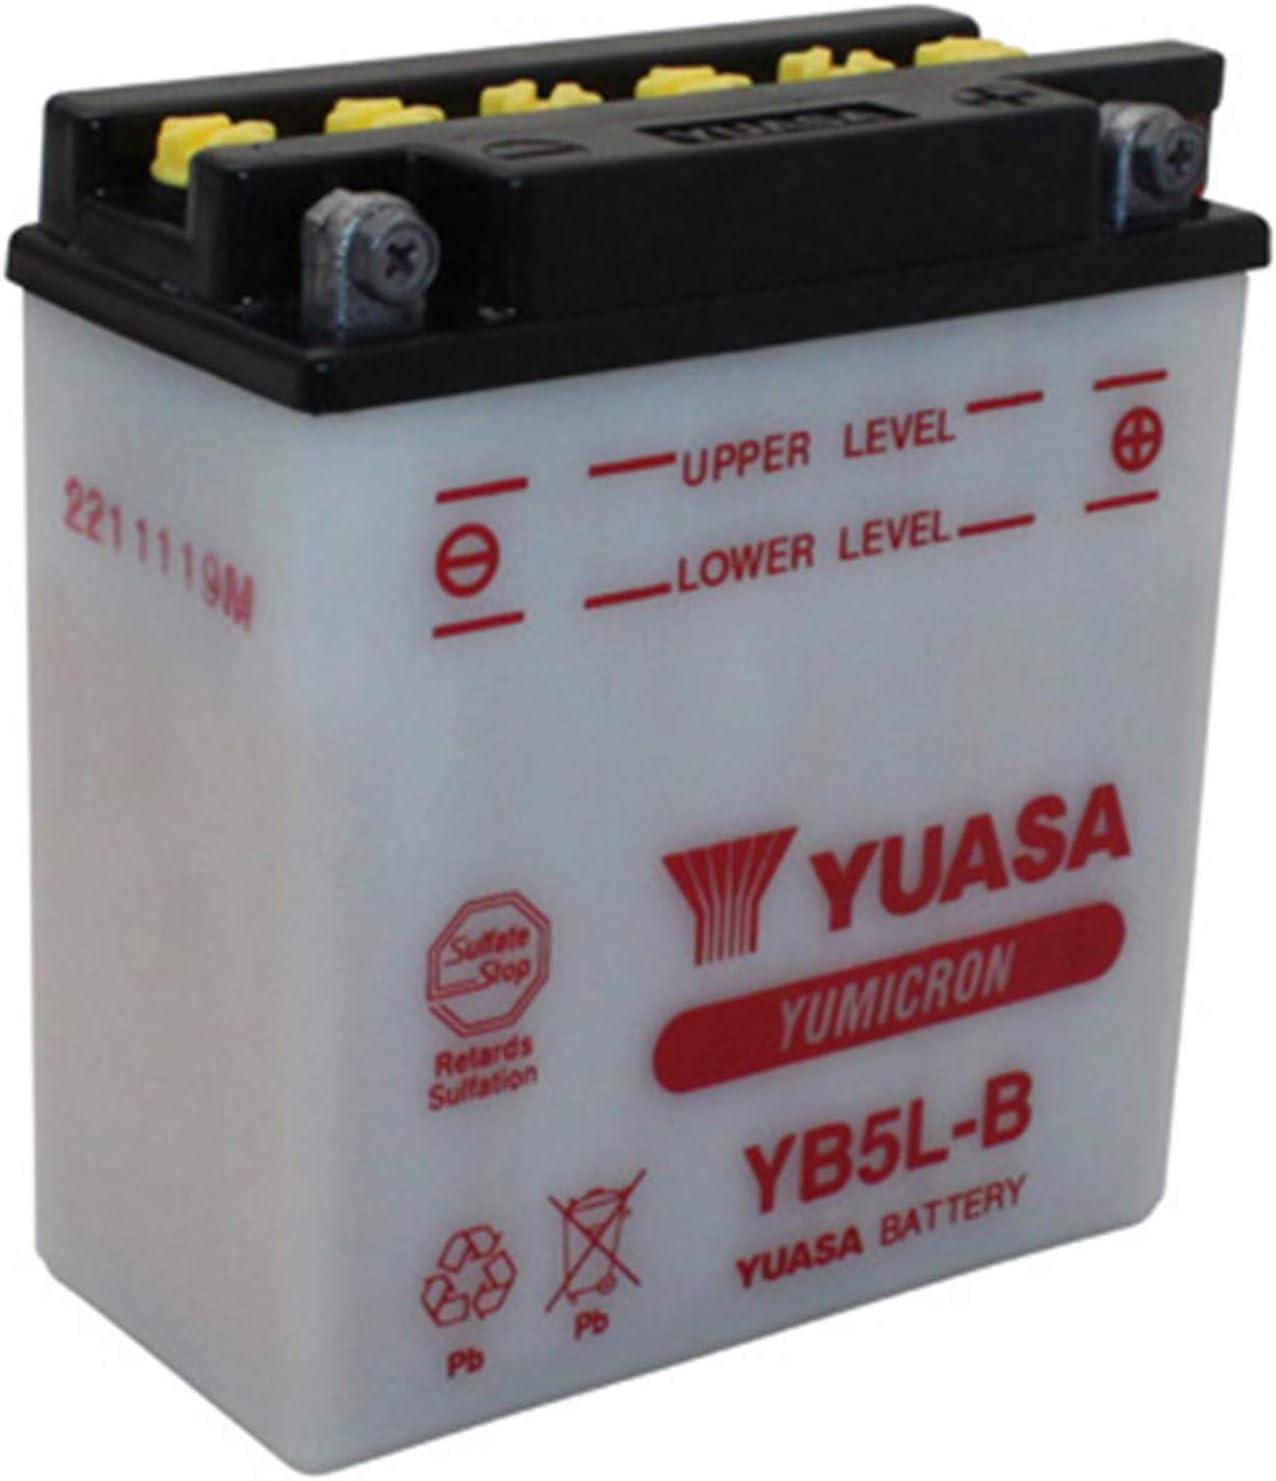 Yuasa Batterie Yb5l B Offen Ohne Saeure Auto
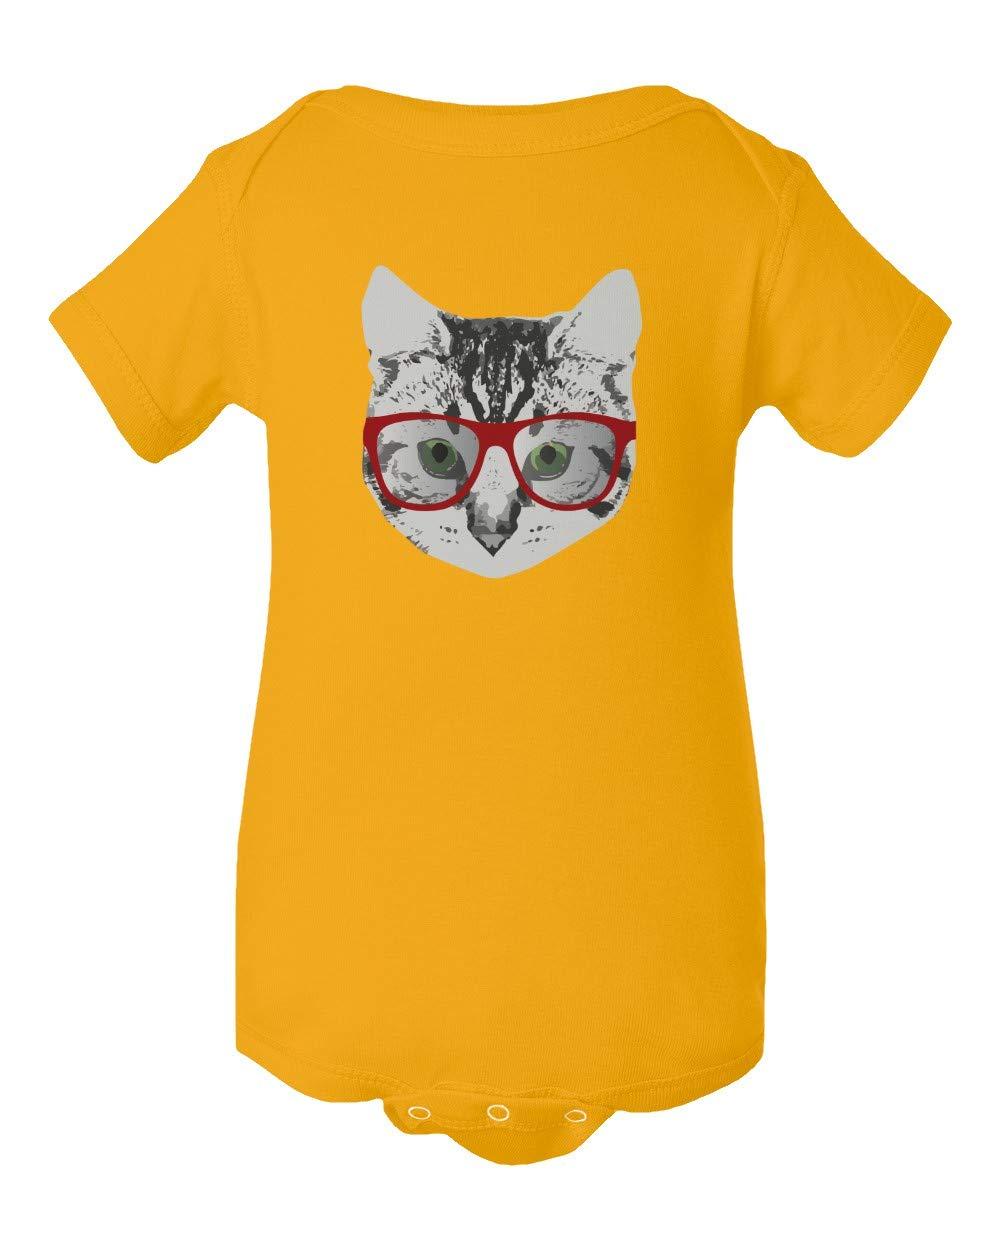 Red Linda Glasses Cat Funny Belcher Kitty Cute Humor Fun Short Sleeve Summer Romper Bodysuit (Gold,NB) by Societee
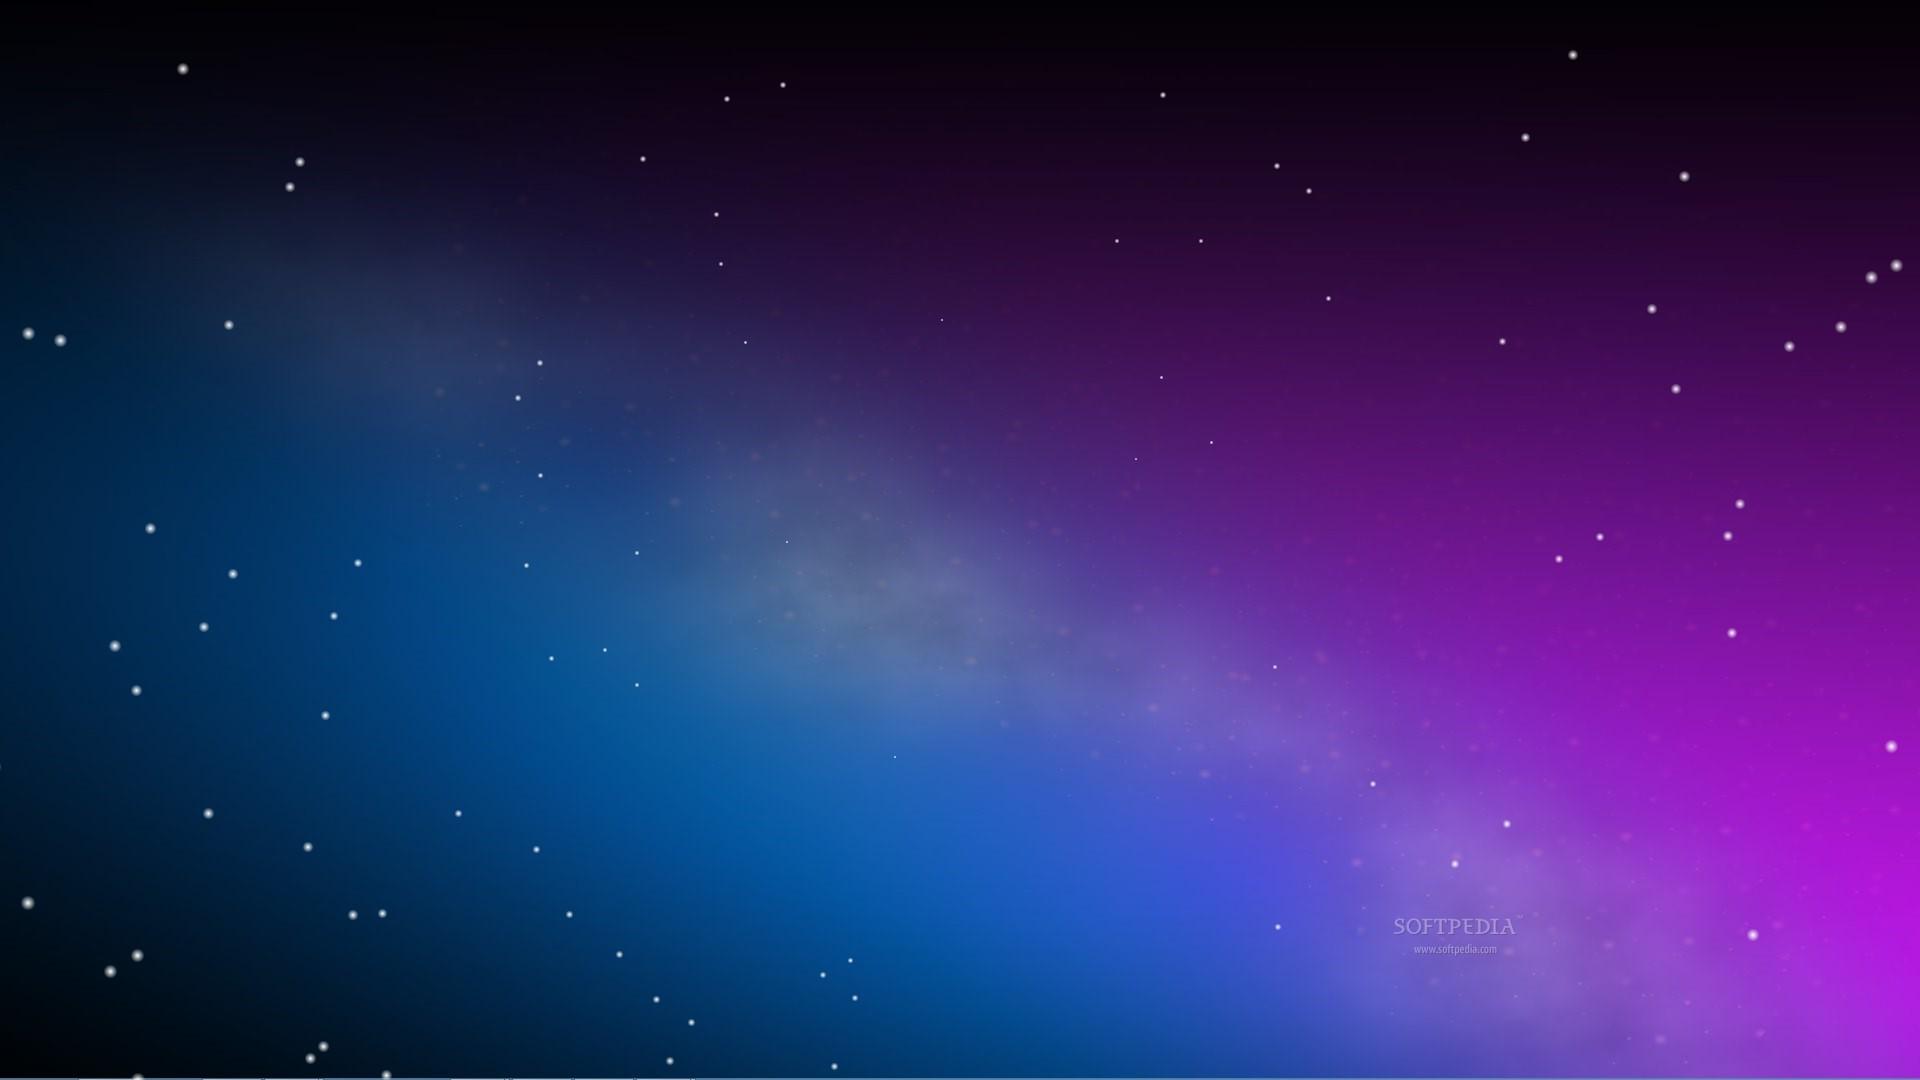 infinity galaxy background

PROBLEM STATEMENT »
Leave the pictures out, and copy exactly each line from the one containing "Red Linda Glasses" through the final line of the data.

ANSWER BELOW »
 Red Linda Glasses Cat Funny Belcher Kitty Cute Humor Fun Short Sleeve Summer Romper Bodysuit (Gold,NB) by Societee
 infinity galaxy background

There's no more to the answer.